3) Share data content among file 1 and file 3
Desired result file content
Code:
ARTP A
.
.
4) Share data content among file 2 and file 3
Desired result file content
Code:
ART Y A
.
.
5) Data content only in file 1, but not in file 2 and file 3
Desired result file content
Code:
DFGA
.
.
6) Data content only in file 2, but not in file 1 and file 3
Desired result file content
Code:
G H ES
.
.
7) Data content only in file 3, but not in file 1 and file 2
Desired result file content
Code:
OL WE
.
.
"." refer to long list (eg.

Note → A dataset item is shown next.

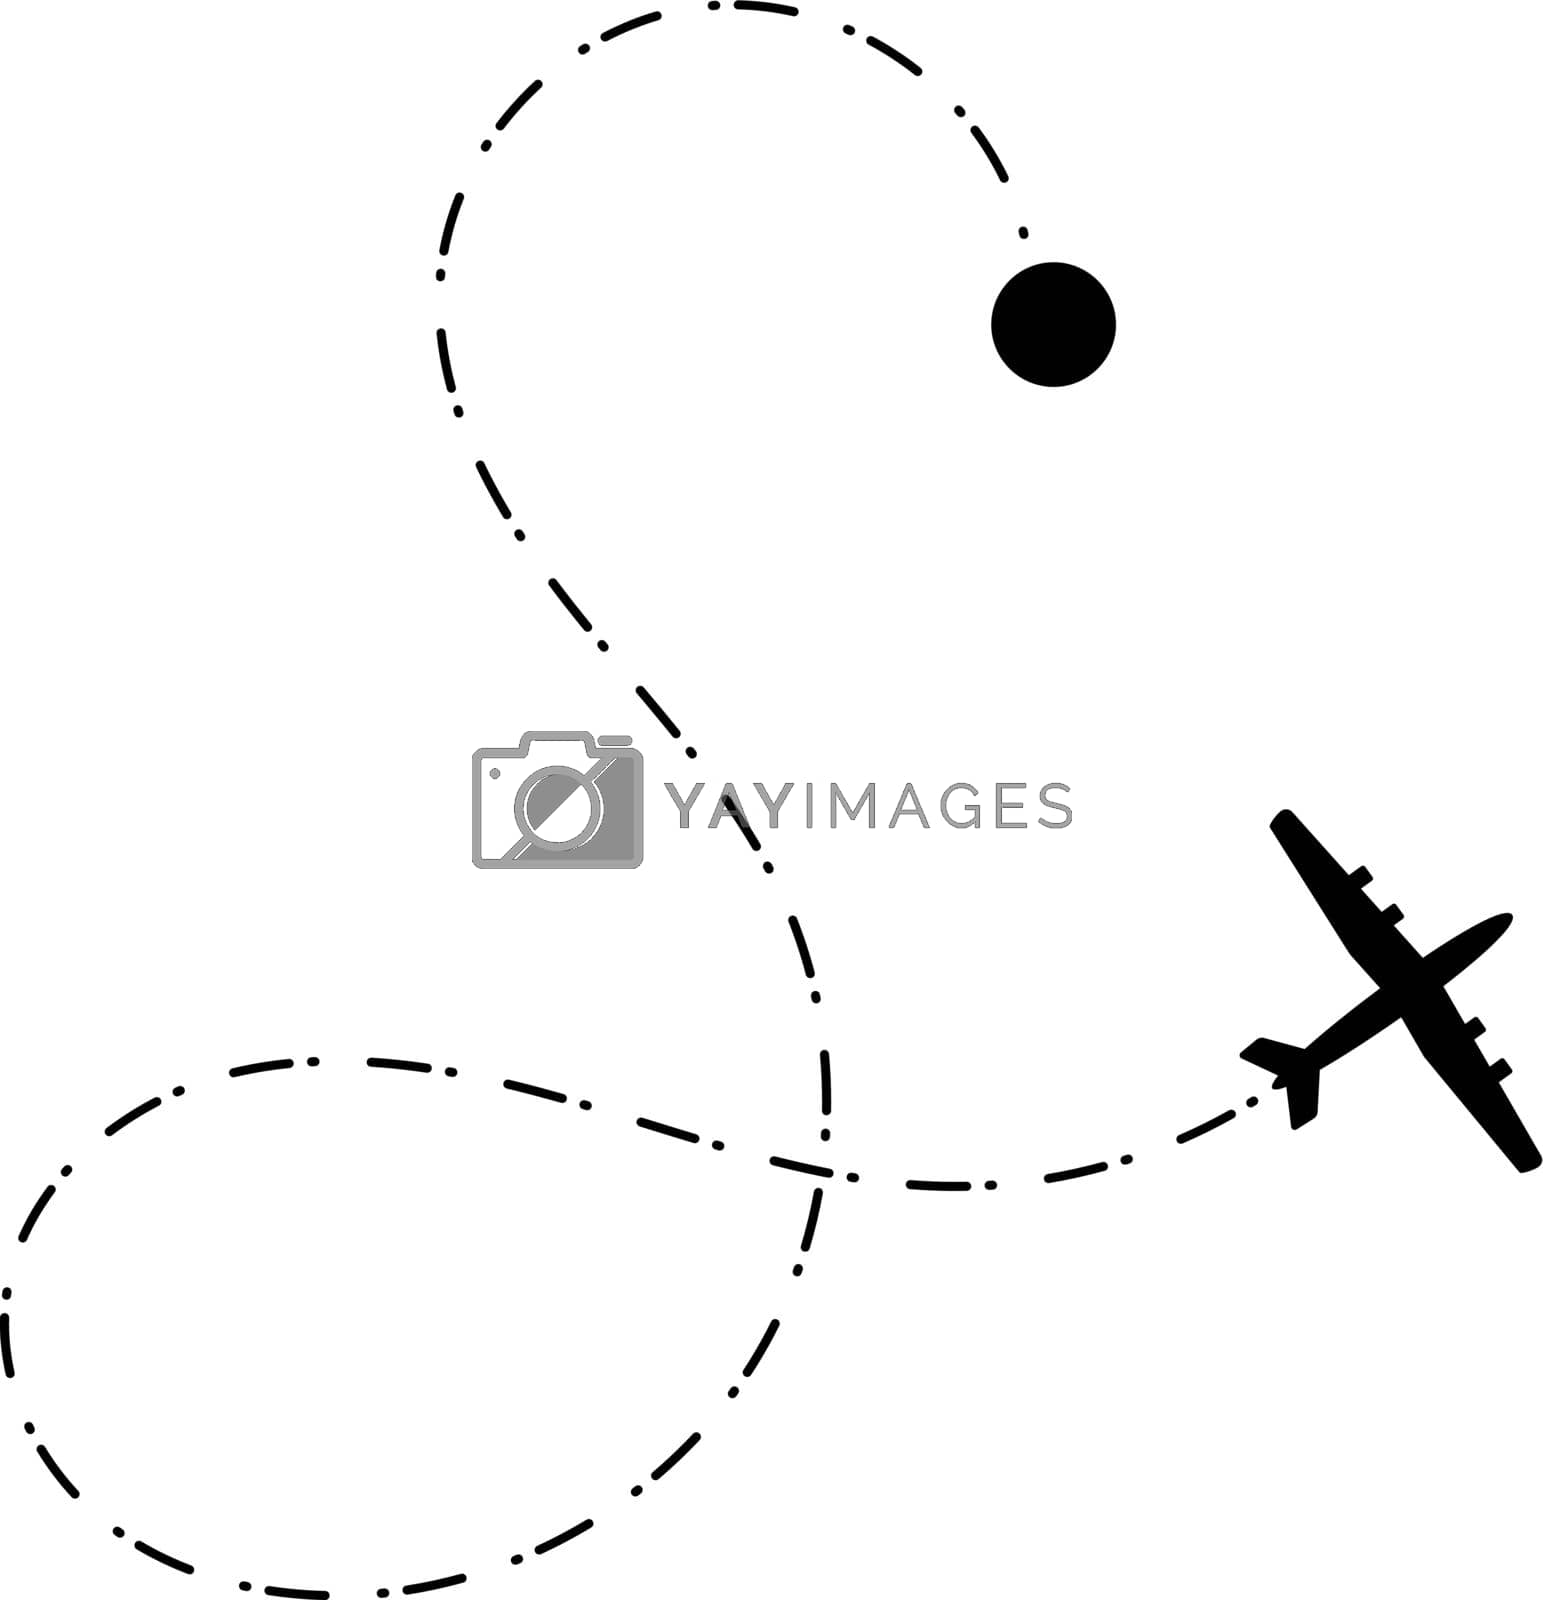 Royalty free image of Journey flight path. Aerial trip black line by LadadikArt

ASDASDASFJKJETET.....) of data file content.
All the file 1, file 2 and file 3 are exactly same file size, 110MB/110 000 million letter in each file.
The difference of the above three file, just some of their contents.
My purpose just plan to compare the three file data content and find out the common data content in all three files, unique content in each file, etc.
Thanks a lot for any advice and any comments to find out the solution of each different condition.
Last edited by patrick87; 10-22-2010 at 01:45 PM..
Please state what Operating System and version you have.
Please state you preferred Shell.
Please list what data processing tools you have available. We note that you have perl and awk. Do you have a high-level programming language too or are you trying to write this system in unix Shell.
Thirdly and most importantly:
Exactly how big are the files?
Are they fixed length records in standard unix text file format?
Does the full-stop appear in the data?
Do you have a larger sample (say 20 lines per file) of representative data?
$
$
$ # show the contents of file1, file2 and file3
$
$ cat -n file1
1 ARTPHDFGAA
2 DKDXCSIKER
3 QQELKRNIKJ
4 OJUUXGFBVP
$
$ cat -n file2
1 ARTGHHYESA
2 AGCBCHBCRB
3 CWWENBYITN
4 WMVXVPNANW
$
$ cat -n file3
1 ARTPOLYWEA
2 PXCSMTWUND
3 MNBLYALUUO
4 XPRAYHLPHT
$
$ # show the content of the Perl program
$
$ cat -n string_operations.pl
1 #perl -w
2 sub print_legend {
3 print "
4 LEGEND =>
5 (1) Characters common in file1, file2, file3.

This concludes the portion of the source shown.